Tuesday, March 16, 2010

Week 12 Results


Greetings Friends~

Here are the results from Week 12.



Congratulations to Rebecca for being this week's Biggest Loser. I saw her on Saturday and she looks amazing. Since last September, she has lost a total of 68 pounds!! That's my little sister folks!

As I said yesterday, and a multitude of times over the last couple of months, I have been sucking at this weight loss thing lately. It appears that I'm not the only one in that boat so some of you know exactly what I am talking about.

Here's the thing though. Over the last six months, I have gotten in much better shape than I was before I started. Not only physically but also mentally. When the weekends come around now, I look forward to getting outside, rain or shine, to do something around This Old House. I have to give myself a big slap on the back because I couldn't...and wouldn't...of done that last September.

I have had some people comment that I don't give myself enough credit, that I am too hard on myself and that the comments that I make concerning myself, like calling myself Fatso and Chubster, are offensive. You should understand this Travellers. I am hard on myself and I have never been anything but offensive. And, for those that know me best, you have heard me say a gazillion times, "why lie about it?" I'm not proud of it but I'm not ashamed either. It just is what it is...and will continue to be...until I do something about it.

That's the thing with me. I will be honest with you when it comes to almost everything, and I'll be brutally honest about myself. I figure that is all part of this blog.

Right now my Body Mass Indicator (BMI) is just barely under 40. What does that mean? Well, boys and girls, it means that I am packing...and I don't mean a firearm. I am fa...fa...fa...FAT. There, I said it. And I will keep on saying it until my BMI is under 30. Maybe then, I'll switch and call myself husky or slightly rotund. I don't know yet but it seems I have plenty of time to cross that bridge. And, if I ever get below that "magic" number of 25, I'll call myself George Clooney.

Why am I ranting about this? I'll tell you. I think in today's world that we spend too much time trying to be politically correct. Too much time avoiding reality. Too much time seeking a way to make our faults and failures acceptable.

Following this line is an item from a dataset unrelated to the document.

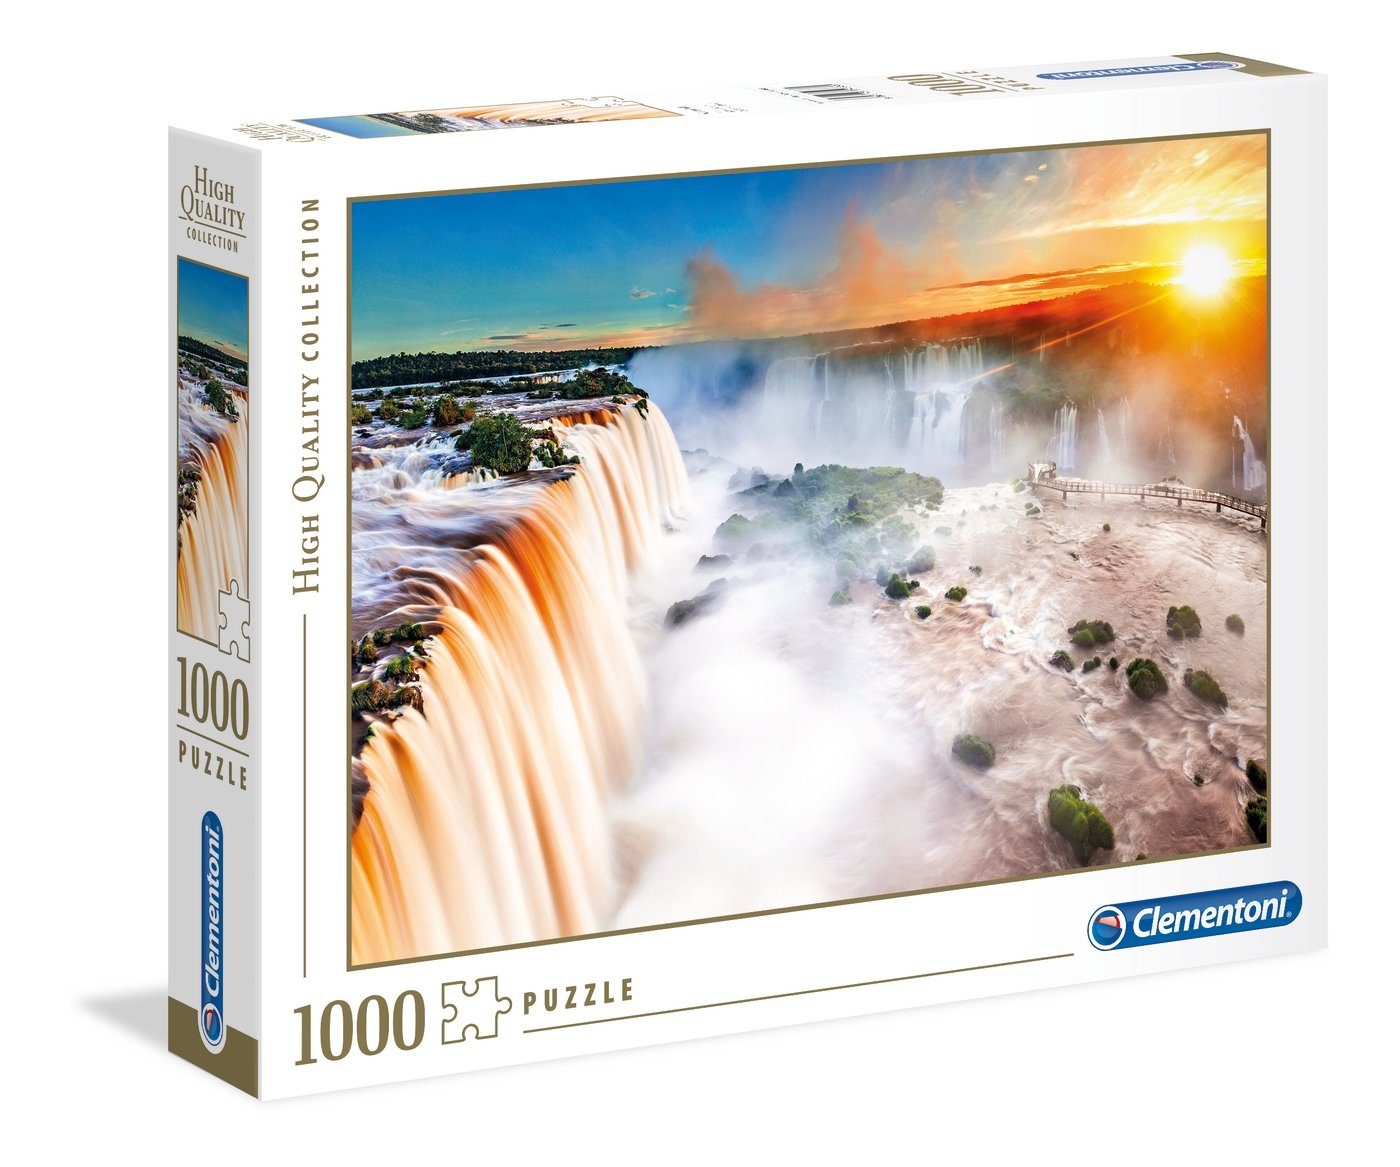 Puzzle 1000 Puzzleteile Teile Clementoni 1000 Puzzle, 39385 Wasserfall Clementoni®

That's why...and...that's not me. So, when I say I'm fat, it's because I am.

Is that WHO I am? No, and it is not WHO you are either. I'm just like you. A person that tries too hard, wants too much and succeeds too infrequently. But my "fat-ness" doesn't define me. And it doesn't define you.

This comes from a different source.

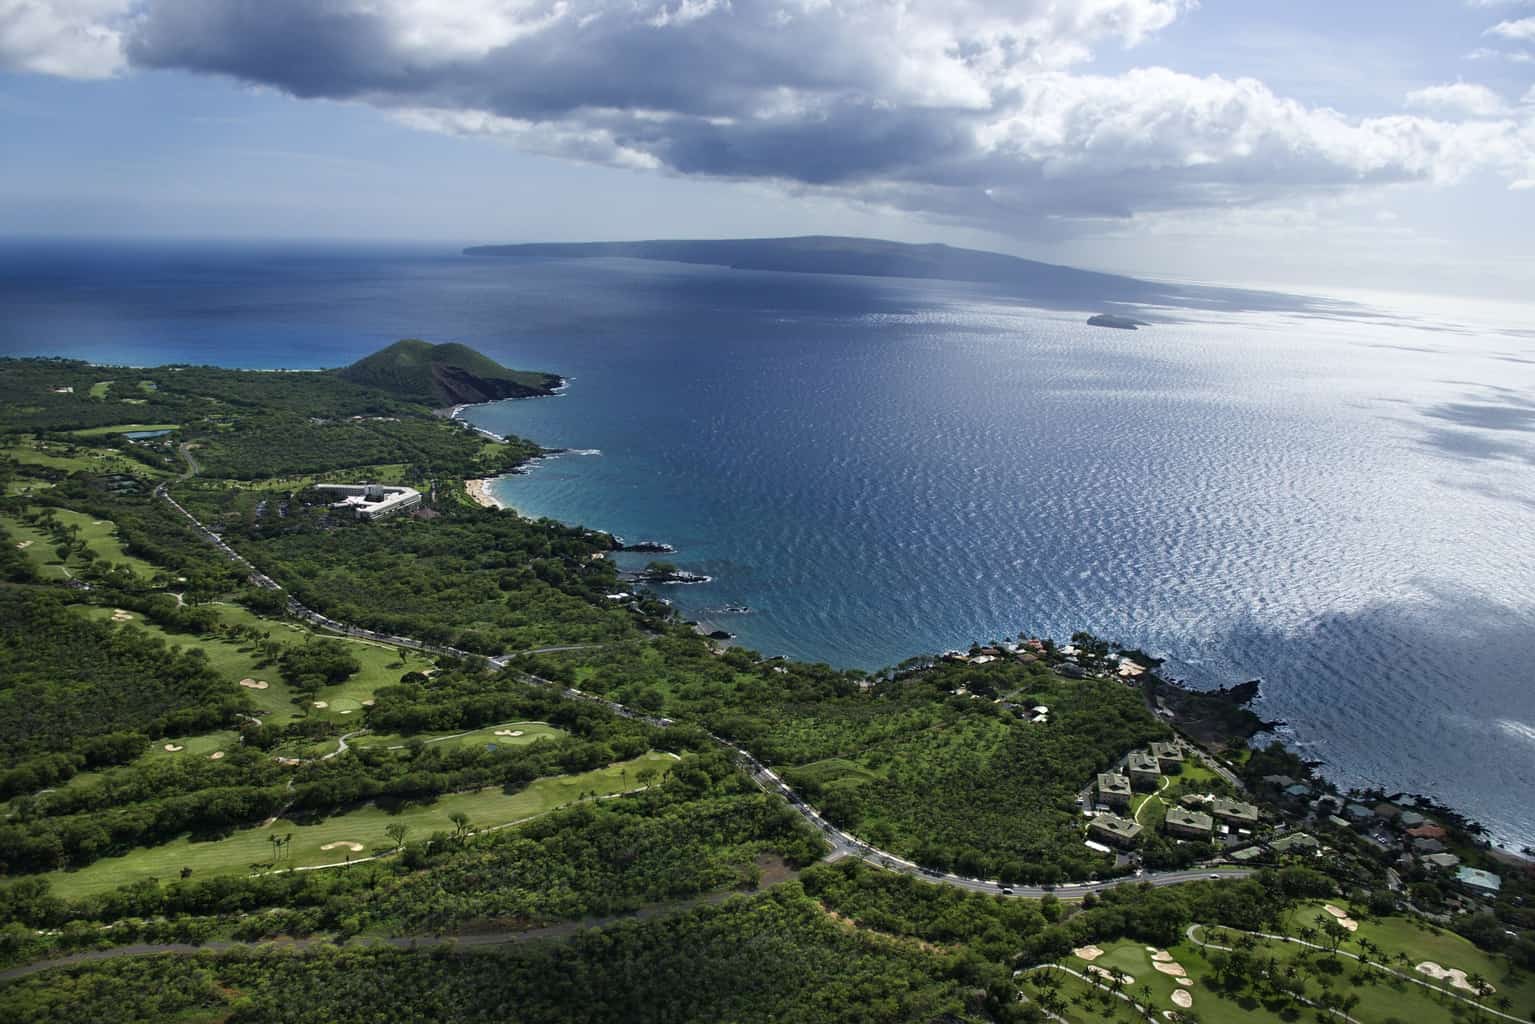 Maui Real Estate Report 2014

Thanks for letting me vent. My name is Chip and I am a food-aholic.

Inspiration of the Day

Around here, however, we don't look backwards for very long, WE KEEP MOVING FORWARD, opening up new doors and doing new things, because we're curious... and curiosity keeps leading us down new paths." -- Walt Disney



Recipe of the Day

Sometimes I just need something that isn't "diet." I think that this will do the trick. Combine this with a nice turkey or salmon burger with all the works and I bet you will feel like you just cheated, but you didn't! This might be good with some of that garlic flavored cooking spray. Almost like Safeco Field.
http://www.recipezaar.com/healthy-low-fat-ranch-fries-416573

Today's Link

What is Your BMI?

This is the second day of that new week. I managed to follow all the things on my list from yesterday's post so I think I'm headed in the right direction. My small step for today is to eat at my scheduled times (and nothing else...lol). I guess I forgot that my success depends on me doing this One Step at a Time.
Happy Trails!

1 comment:

Anonymous said...

Just wanted to say how much your thoughts meant to me today. Sometimes the only way to change who we are is to be flat out honest with ourselves. Not being honest with myself is how I got into this predicament again. So hurray for brutal self-honesty.

As for not letting it define who we are,I am with you on that. Remember Wild Waves? We both had a blast regardless of our size. Lets give it another try when we are healthier though and see if its any more fun when we can run up the stairs to the speed slides.